Question

A ball of radius $R$ carries a positive charge whose volume density depends only on a separation $r$ from the ball's centre as $\rho ={\rho }_0(1-r/R)$, where ${\rho }_0$ is a constant. Assuming the permittivities of the ball and the environment to be equal to unity, find:
(A) the magnitude of the electric field strength as a function of the distance $r$ both inside and outside the ball;
(b) the maximum intensity $E_{max}$ and the corresponding distance $r_m$.

Answer 1

(a) We assume the ball to be divided into infinite number of concentric thin shell of thickness $dr$. Let us assume such a shell at a radial distance $r$.

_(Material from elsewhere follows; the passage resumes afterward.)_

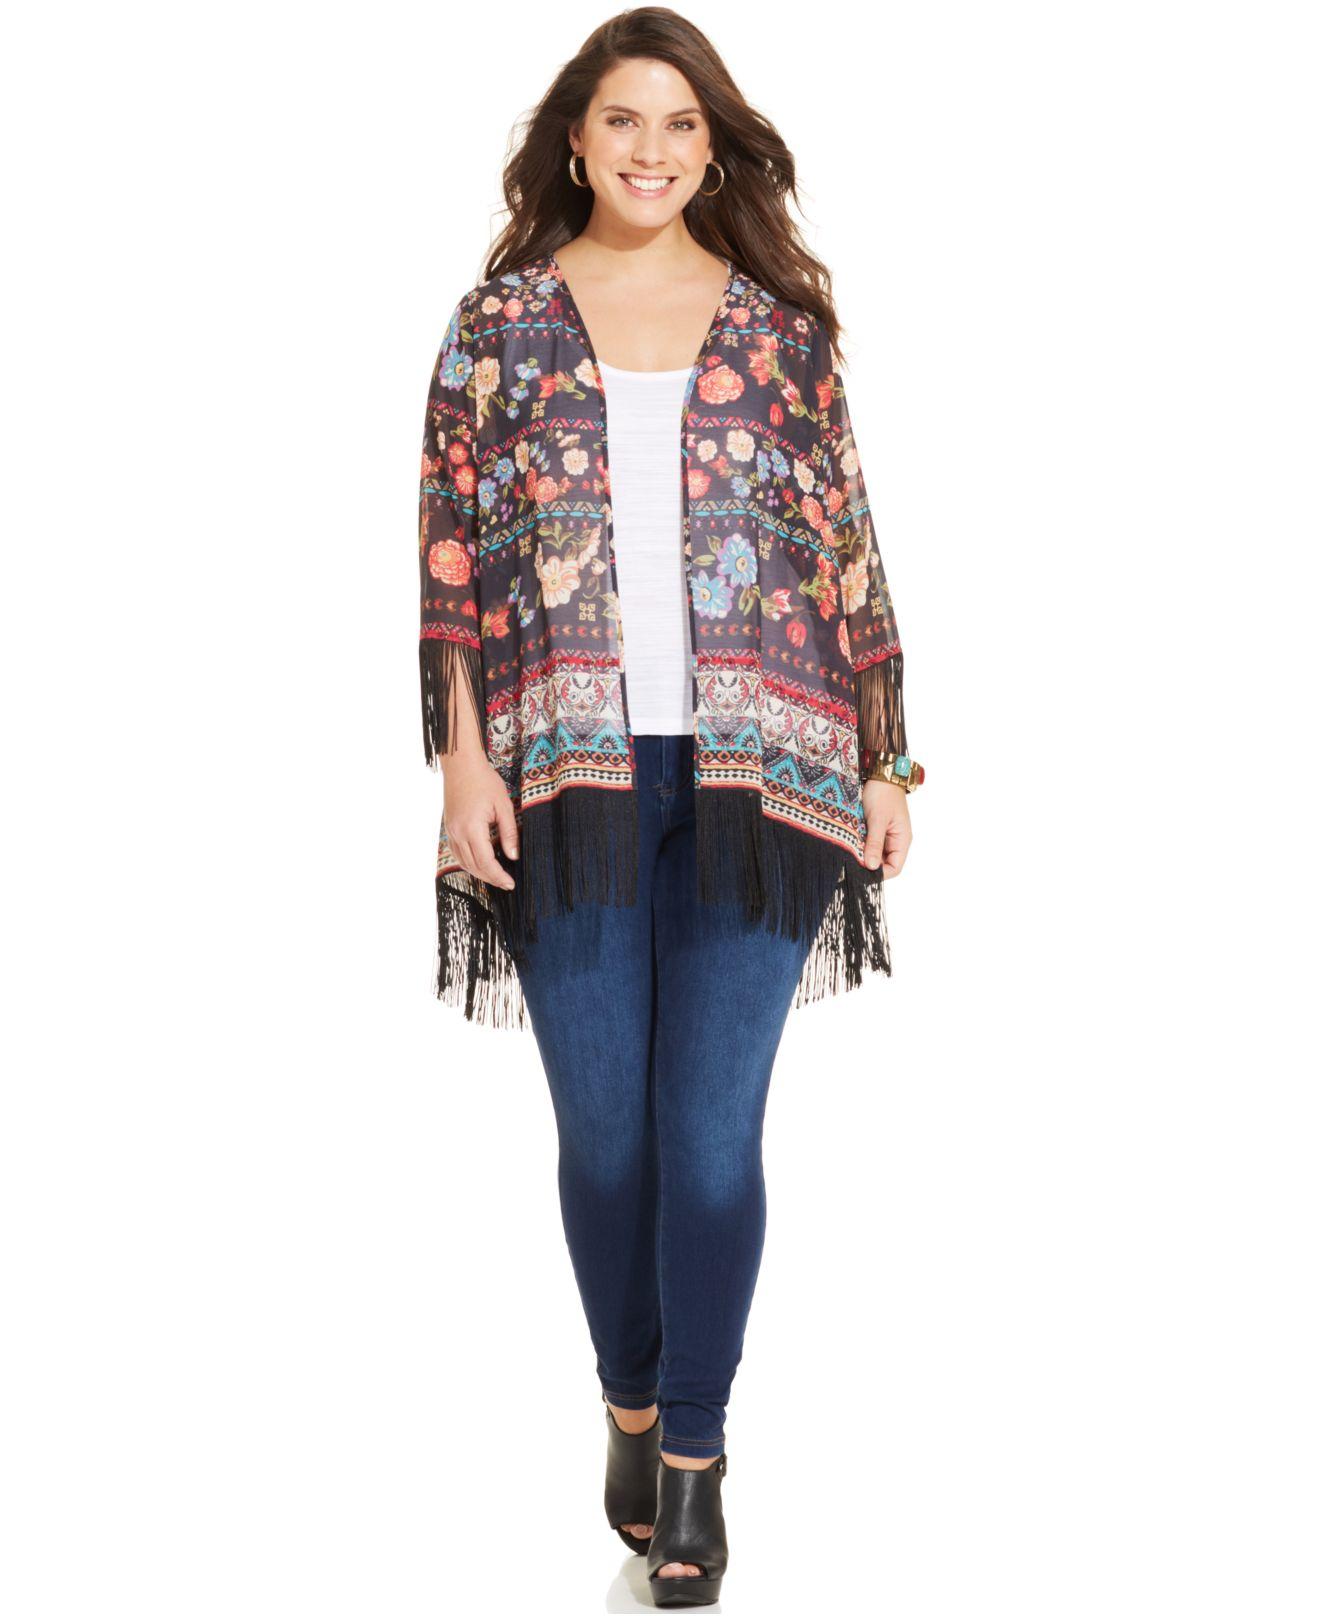 American rag Plus Size Floral-Print Kimono Cardigan in Black | Lyst

Volume of this shell $=pdV=4\pi r^2\rho dr=4\pi r^2{\rho }_0(1-\frac{r}{R})dr$
Net charge enclosed in the sphere of radius $r$
$q=\int pdv=\stackrel{r}{\underset{0}{\int }}4\pi {\rho }_0{r}^2(1-\frac{r}{R})dr=4\pi {\rho }_0(\frac{r^3}{3}-\frac{r^4}{4R})$
Electric field at radial distance $r$
$E=\frac{q}{4\pi {\epsilon }_0{r}^2}=\frac{1}{4\pi {\epsilon }_0{r}^2}\times 4\pi {\rho }_0(\frac{r^3}{3}-\frac{r^4}{4R})=\frac{{\rho }_{0}r}{3{\epsilon }_0}(1-\frac{3r}{4R})$
Now for those points outside the sphere, we have to take into account the total charge contained in the sphere of radius $R$.

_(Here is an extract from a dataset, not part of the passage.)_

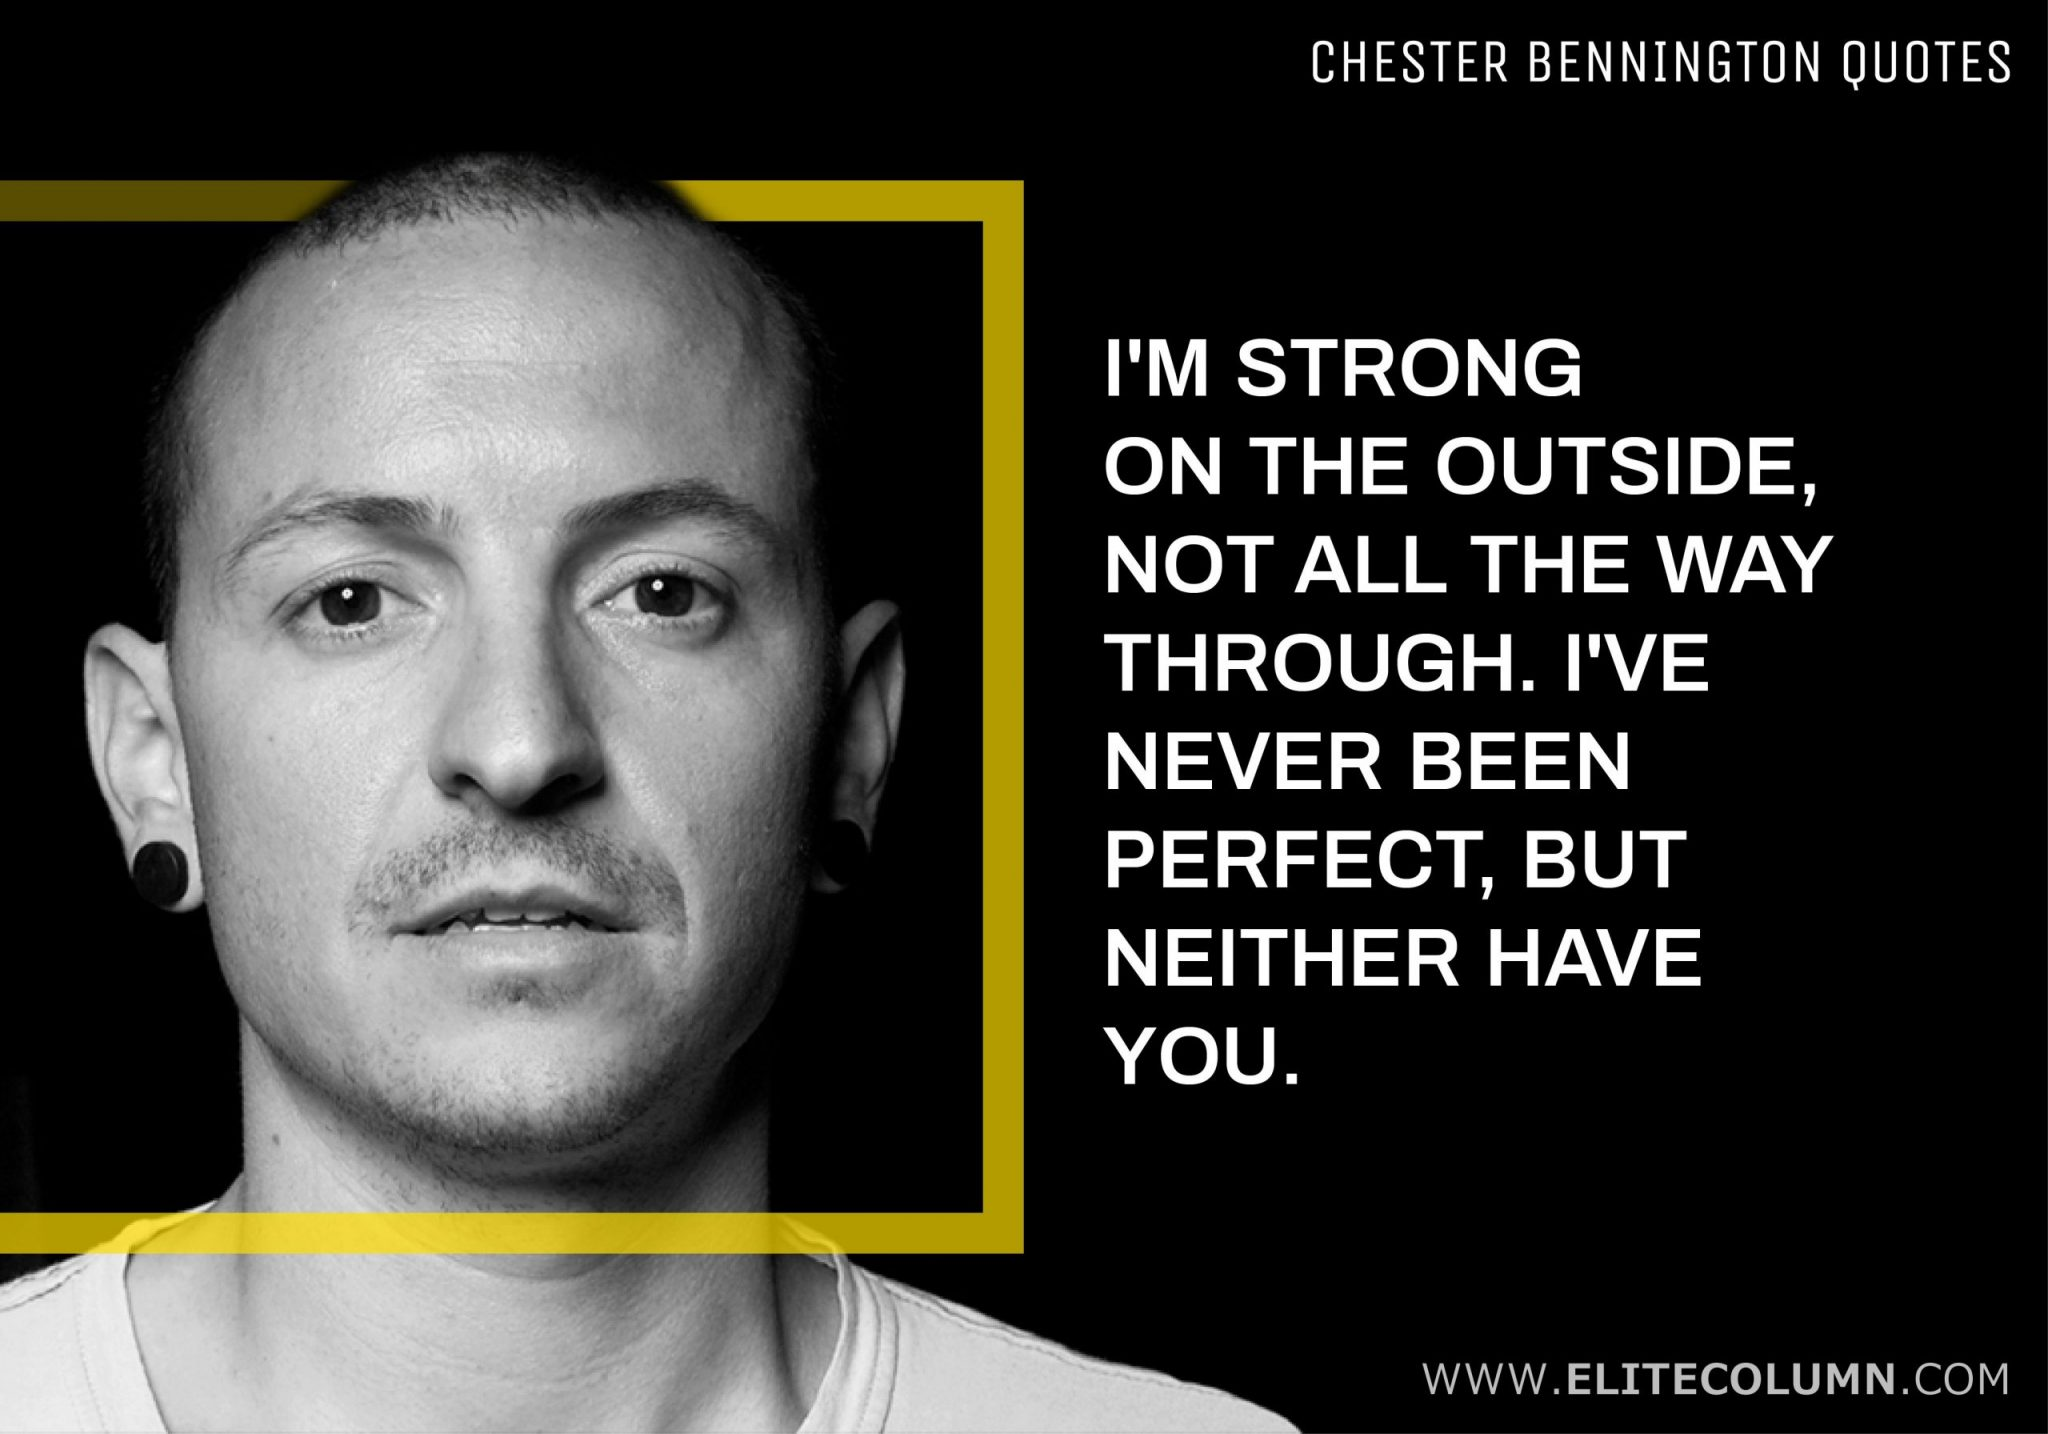 Chester Bennington Quotes (1)

Total charge $Q=\stackrel{R}{\underset{0}{\int }}{\rho }_0(1-\frac{r}{R})4\pi r^{2}dr=\frac{\pi {\rho }_0{R}^3}{3}$
Electric field, using Gauss's laws, at a point which is at distance $r(>R)$ from the centre;
$\int E.ds=\frac{Q}{{\epsilon }_0}⟹E=\frac{Q}{4\pi {\epsilon }_0{r}^2}=\frac{{\rho }_0{R}^3}{12{\epsilon }_0{r}^2}$
(b) Again let us consider the expression for electric field within the sphere of radius $R$:
$E=\frac{{\rho }_{0}r}{3{\epsilon }_0}(1-\frac{3r}{4R})$
For maximum electric field:
$\frac{dE}{dr}=0⟹1-\frac{6r}{4R}=0⟹r=\frac{2R}{3}$
Putting, $r=\frac{2R}{3}$, value of maximum electric field, $E_{max}=\frac{{\rho }_{0}R}{9{\in }_0}$